• [Exercise brief]
Work out how many lines in the entries below include the word "dass". Give nothing but the number.

(Collected data)
Start of Block

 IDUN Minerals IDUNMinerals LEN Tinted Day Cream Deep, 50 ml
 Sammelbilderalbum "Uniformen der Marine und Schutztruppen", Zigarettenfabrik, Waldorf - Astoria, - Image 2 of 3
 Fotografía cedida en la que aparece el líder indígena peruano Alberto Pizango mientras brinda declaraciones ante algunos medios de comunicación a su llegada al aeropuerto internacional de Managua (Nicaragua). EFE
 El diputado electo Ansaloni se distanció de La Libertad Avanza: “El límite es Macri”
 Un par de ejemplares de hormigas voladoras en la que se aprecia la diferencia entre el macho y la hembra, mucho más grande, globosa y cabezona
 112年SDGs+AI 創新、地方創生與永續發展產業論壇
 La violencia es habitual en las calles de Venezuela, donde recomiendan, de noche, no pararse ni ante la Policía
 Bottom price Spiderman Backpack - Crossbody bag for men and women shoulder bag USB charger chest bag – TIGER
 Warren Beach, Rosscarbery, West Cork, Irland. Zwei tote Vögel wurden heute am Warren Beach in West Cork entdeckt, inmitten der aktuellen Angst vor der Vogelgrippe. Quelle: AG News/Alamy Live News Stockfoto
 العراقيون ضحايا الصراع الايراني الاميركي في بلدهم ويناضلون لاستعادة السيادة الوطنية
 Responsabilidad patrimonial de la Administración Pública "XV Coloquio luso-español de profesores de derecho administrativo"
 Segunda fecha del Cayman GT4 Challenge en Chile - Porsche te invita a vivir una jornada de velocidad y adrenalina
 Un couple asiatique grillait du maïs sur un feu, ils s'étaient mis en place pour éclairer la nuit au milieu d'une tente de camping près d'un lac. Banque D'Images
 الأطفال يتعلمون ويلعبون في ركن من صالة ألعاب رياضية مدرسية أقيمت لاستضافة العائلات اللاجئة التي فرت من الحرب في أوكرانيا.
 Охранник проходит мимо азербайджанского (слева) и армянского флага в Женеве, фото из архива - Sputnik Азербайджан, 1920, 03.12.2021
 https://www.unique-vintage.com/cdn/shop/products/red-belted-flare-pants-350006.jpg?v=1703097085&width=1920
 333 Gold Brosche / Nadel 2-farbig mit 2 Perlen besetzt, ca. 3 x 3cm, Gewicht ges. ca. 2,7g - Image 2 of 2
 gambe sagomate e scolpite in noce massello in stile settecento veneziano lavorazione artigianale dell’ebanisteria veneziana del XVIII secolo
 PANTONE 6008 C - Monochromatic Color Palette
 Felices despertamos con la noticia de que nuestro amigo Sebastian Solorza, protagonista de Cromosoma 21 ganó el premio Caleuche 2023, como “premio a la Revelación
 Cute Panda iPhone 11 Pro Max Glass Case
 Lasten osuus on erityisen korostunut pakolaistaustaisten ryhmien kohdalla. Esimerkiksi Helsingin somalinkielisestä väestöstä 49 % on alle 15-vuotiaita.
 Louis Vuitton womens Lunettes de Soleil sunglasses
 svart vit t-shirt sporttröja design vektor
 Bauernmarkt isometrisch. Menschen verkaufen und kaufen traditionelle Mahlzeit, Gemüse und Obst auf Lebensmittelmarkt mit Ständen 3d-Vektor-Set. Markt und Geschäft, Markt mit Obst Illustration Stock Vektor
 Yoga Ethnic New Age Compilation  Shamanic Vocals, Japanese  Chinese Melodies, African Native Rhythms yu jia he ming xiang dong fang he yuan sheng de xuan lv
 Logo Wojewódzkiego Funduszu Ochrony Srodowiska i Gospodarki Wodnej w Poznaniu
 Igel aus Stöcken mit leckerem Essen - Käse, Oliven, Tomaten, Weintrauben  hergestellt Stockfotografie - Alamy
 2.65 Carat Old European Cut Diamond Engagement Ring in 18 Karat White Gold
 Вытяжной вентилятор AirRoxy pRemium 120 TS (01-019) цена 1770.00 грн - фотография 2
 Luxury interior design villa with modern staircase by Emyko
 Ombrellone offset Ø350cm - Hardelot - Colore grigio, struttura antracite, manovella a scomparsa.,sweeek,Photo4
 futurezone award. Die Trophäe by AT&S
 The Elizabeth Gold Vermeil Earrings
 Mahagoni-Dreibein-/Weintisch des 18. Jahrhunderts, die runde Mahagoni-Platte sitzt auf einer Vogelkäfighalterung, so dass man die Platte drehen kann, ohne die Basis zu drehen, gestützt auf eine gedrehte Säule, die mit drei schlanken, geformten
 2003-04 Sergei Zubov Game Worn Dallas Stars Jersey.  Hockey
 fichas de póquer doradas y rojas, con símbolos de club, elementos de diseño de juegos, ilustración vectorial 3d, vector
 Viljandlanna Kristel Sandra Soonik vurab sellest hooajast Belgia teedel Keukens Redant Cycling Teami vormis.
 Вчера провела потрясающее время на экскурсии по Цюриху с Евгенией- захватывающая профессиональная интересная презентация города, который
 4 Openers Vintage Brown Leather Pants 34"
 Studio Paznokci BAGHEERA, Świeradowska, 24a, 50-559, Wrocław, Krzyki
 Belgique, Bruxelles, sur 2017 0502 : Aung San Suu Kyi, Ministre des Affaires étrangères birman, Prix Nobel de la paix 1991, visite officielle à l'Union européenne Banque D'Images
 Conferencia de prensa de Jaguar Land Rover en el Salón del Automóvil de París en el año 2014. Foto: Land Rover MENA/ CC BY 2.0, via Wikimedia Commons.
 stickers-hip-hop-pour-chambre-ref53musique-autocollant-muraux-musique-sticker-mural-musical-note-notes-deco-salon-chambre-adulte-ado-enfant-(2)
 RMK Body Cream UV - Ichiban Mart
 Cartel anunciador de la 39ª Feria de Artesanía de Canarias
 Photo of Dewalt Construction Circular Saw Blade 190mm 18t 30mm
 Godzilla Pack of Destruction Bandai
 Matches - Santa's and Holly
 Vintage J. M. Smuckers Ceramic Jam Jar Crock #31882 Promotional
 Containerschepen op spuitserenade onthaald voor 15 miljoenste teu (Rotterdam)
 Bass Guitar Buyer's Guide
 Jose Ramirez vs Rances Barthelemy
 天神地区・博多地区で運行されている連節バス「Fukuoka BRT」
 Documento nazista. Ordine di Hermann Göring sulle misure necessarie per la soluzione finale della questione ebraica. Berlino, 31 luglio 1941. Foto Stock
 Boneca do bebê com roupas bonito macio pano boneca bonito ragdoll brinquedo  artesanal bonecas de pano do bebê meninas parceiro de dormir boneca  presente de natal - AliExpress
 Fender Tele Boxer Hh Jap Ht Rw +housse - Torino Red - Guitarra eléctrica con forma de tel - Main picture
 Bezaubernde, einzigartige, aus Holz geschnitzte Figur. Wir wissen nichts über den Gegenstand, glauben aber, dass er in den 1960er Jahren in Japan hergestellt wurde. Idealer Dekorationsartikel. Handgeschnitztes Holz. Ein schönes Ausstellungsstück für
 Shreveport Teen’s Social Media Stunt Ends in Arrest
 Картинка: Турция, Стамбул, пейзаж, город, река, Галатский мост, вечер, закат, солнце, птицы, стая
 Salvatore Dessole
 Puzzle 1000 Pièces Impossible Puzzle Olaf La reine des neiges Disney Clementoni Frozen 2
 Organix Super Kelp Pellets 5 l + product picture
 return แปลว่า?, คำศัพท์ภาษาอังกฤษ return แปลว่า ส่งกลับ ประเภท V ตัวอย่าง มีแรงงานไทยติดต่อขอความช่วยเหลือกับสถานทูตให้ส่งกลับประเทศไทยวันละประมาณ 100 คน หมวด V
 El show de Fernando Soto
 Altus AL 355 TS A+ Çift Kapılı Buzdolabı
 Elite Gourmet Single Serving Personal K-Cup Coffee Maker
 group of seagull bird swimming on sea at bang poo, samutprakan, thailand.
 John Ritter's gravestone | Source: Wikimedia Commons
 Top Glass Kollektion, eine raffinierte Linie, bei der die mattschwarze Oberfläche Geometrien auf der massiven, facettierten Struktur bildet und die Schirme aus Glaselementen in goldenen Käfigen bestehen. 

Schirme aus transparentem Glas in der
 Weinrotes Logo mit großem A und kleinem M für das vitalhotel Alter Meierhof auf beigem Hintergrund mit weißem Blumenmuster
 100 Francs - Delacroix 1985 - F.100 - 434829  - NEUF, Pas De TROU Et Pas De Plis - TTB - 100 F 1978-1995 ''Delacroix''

End of Block

• [Response to this task]
2